Tsui’s fame is not limited to Hong Kong or even the Mainland, she is hugely popular with the overseas Chinese and has held concerts around the world, including in Las Vegas, Singapore and Malaysia. Although she has slowed down from her heyday, Tsui still performs, singing to a packed auditorium at the Hong Kong Coliseum for eight nights in August this year. It is a venue she knows well after holding a record 43 concerts there.

In the late stage of her career,Tsui feels more committed to her fans than ever and this gives her the incentive to perform better. “I only had to be responsible to my boss when I first started my career but now I have to be responsible to my fans,” she says.

After 45 years on the stage, there is not much that can faze her. Unpredictable errors can occur at any time. The most memorable incident is when the power went out in the middle of a concert.

Tsui says that mishap was unlike any other because she had no idea how she should respond.

“I was singing the song Come Rain or Shine (風雨同路) and when I got to the line ‘there is darkness on the other side of light’, the lights went out completely,” she recalls.

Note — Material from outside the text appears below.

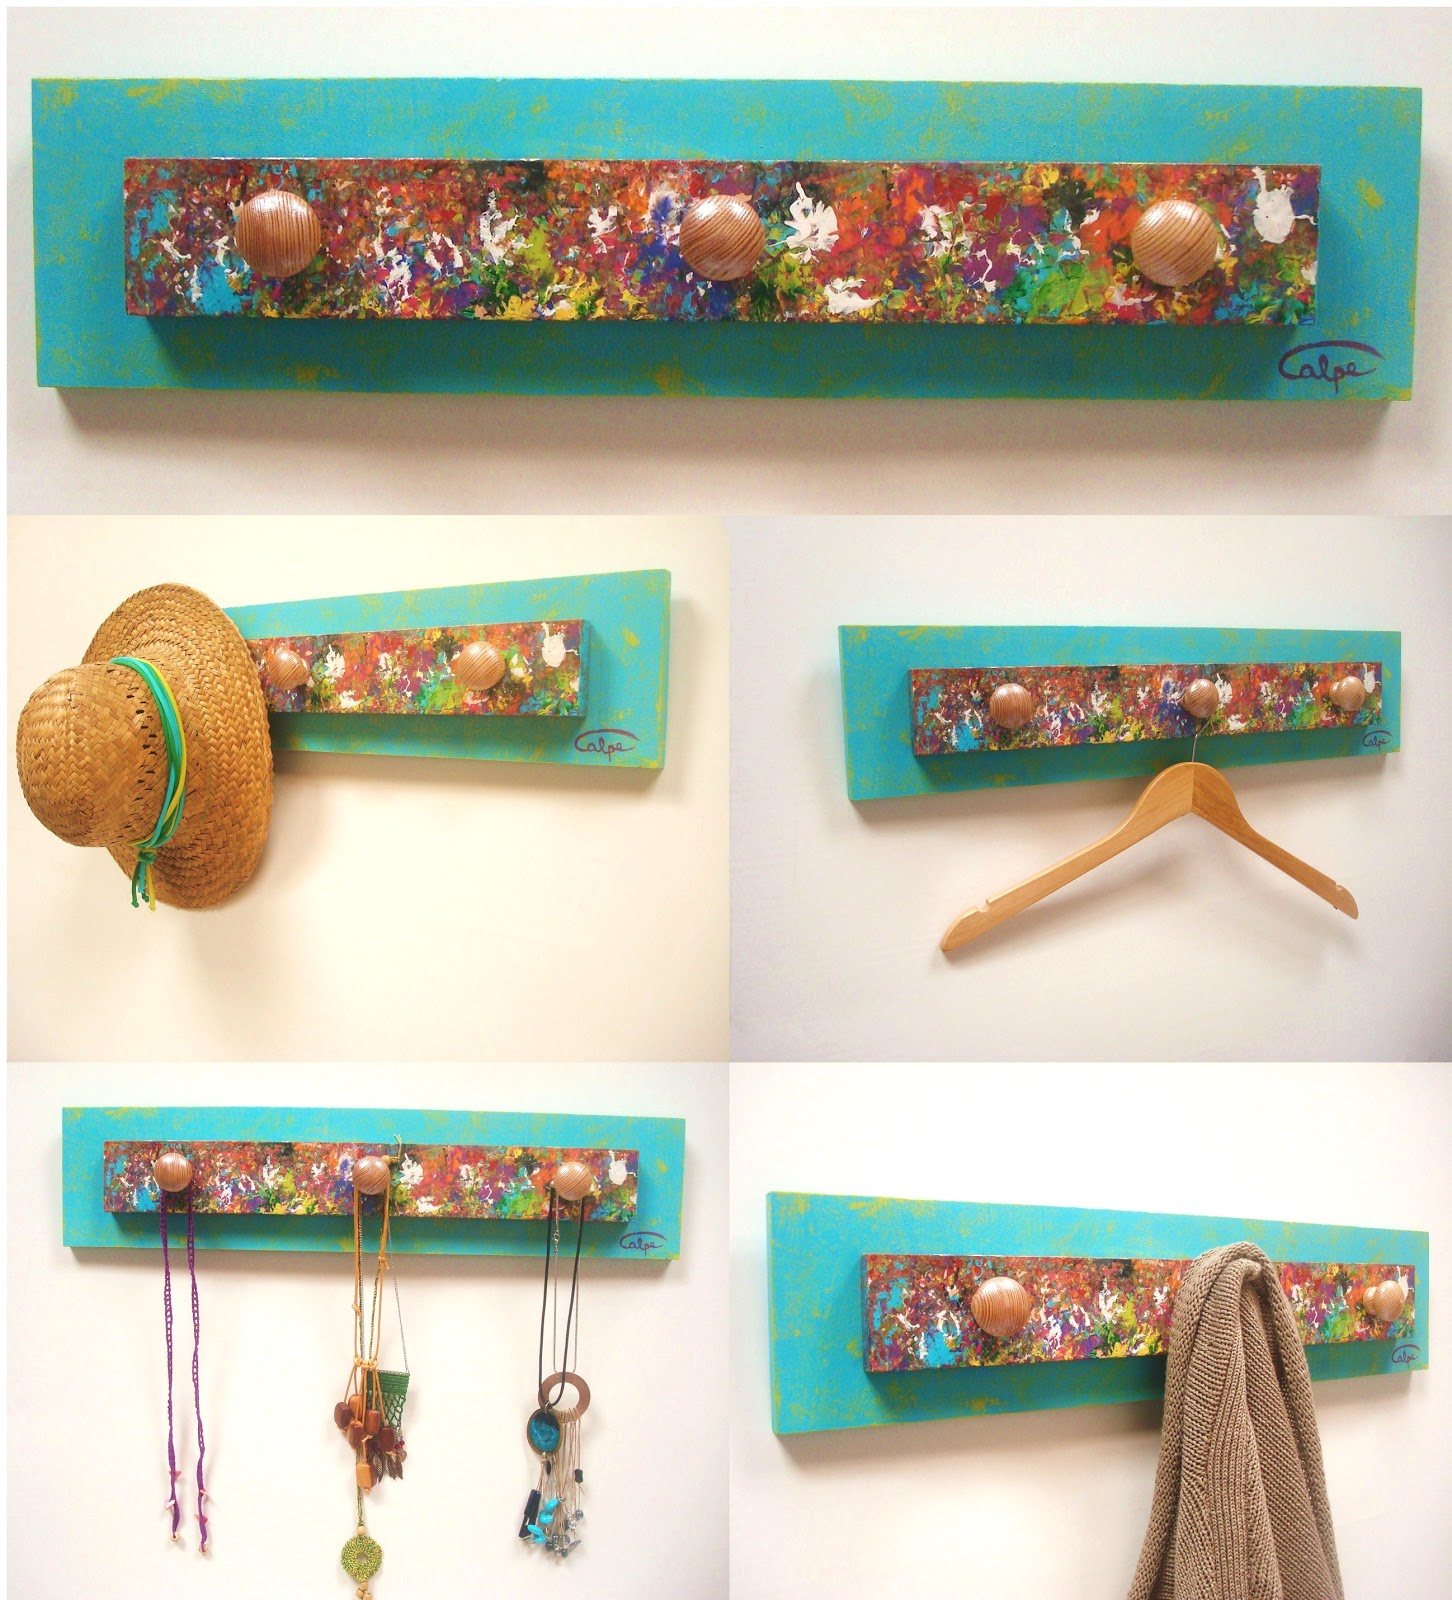 Calpearts muebles y accesorios pintados a mano for Bares decorados con madera
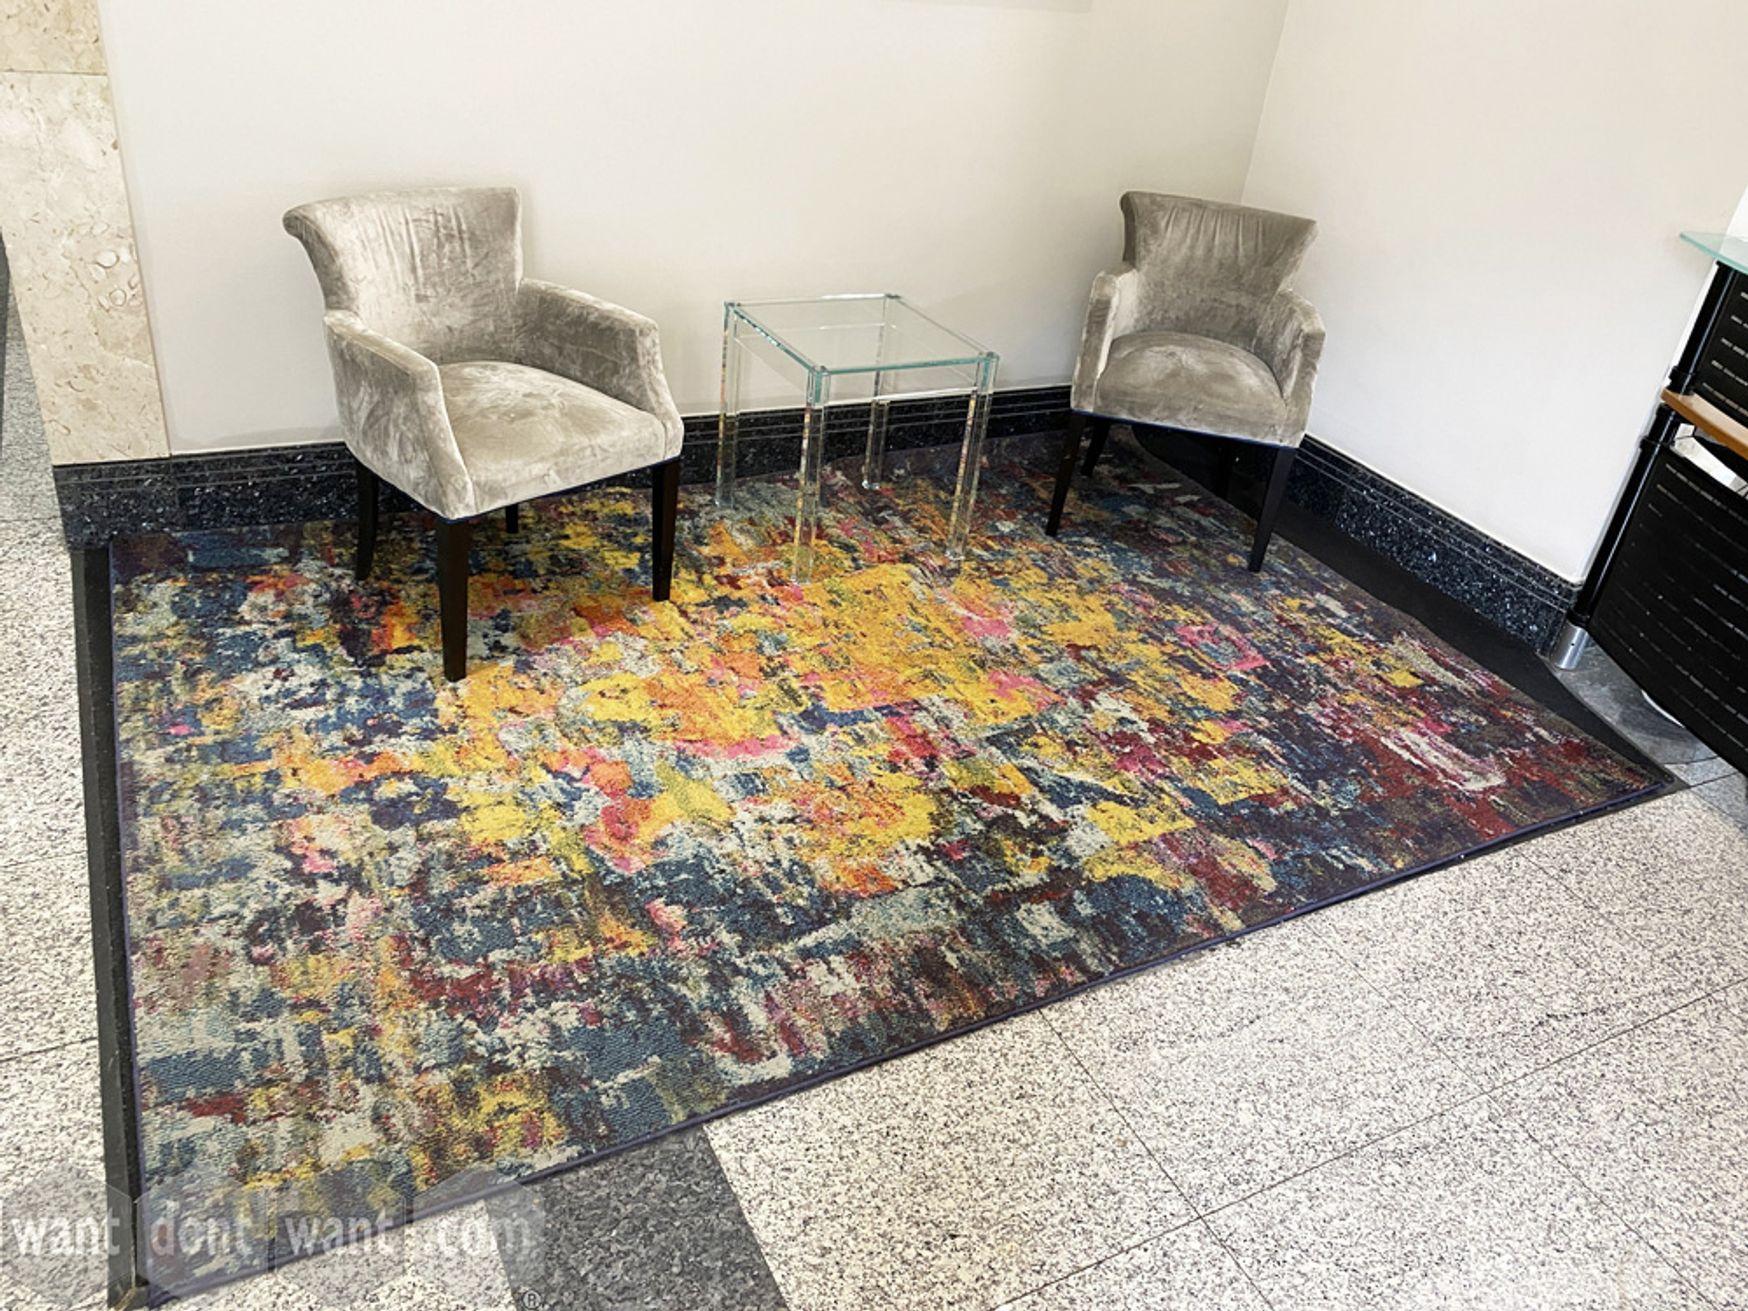 Used multi-coloured rug - 2920mm wide x 2000mm deep

Tsui panicked and struggled over whether she should stay on the stage or leave it. She decided to stay put and luckily, her team followed her lead. “I just stood there with the exact same pose, so did my dancers and band,” she says. “It lasted for at least seven minutes.”

When the lights went back on, she continued as if nothing had happened, and the audience broke into thunderous applause.

Moments like this remind Tsui that it takes courage and luck to be a singer,

“It’s like racing, you have to run to the finish line no matter what happens in between,” she says. It is a race she has not given up on yet, although the look of the racetrack has changed since she first started running.

Tsui acknowledges there is more creativity in popular music today, more song genres and performance styles. She says veteran singers like herself have been adding newer elements into their songs to suit changing audience tastes. But she still prefers old traditional songs.

“I think that traditional songs give me a complete story. They have a beginning, a transition and an ending,” she says.

Tsui’s story is still unfolding. She says she has never considered herself to be popular, even though people tell her she is well-loved by the public. Instead, she is just grateful audiences have not forgotten her and thinks that worrying about popularity would only give her pressure. Icon or not, Tsui says the most important key to success is to never give up on your dreams.

This is the motto by which she has always lived herself. She says she is not sure about any forthcoming plans but has never seriously considered retiring. For the foreseeable future at least – the show will go on.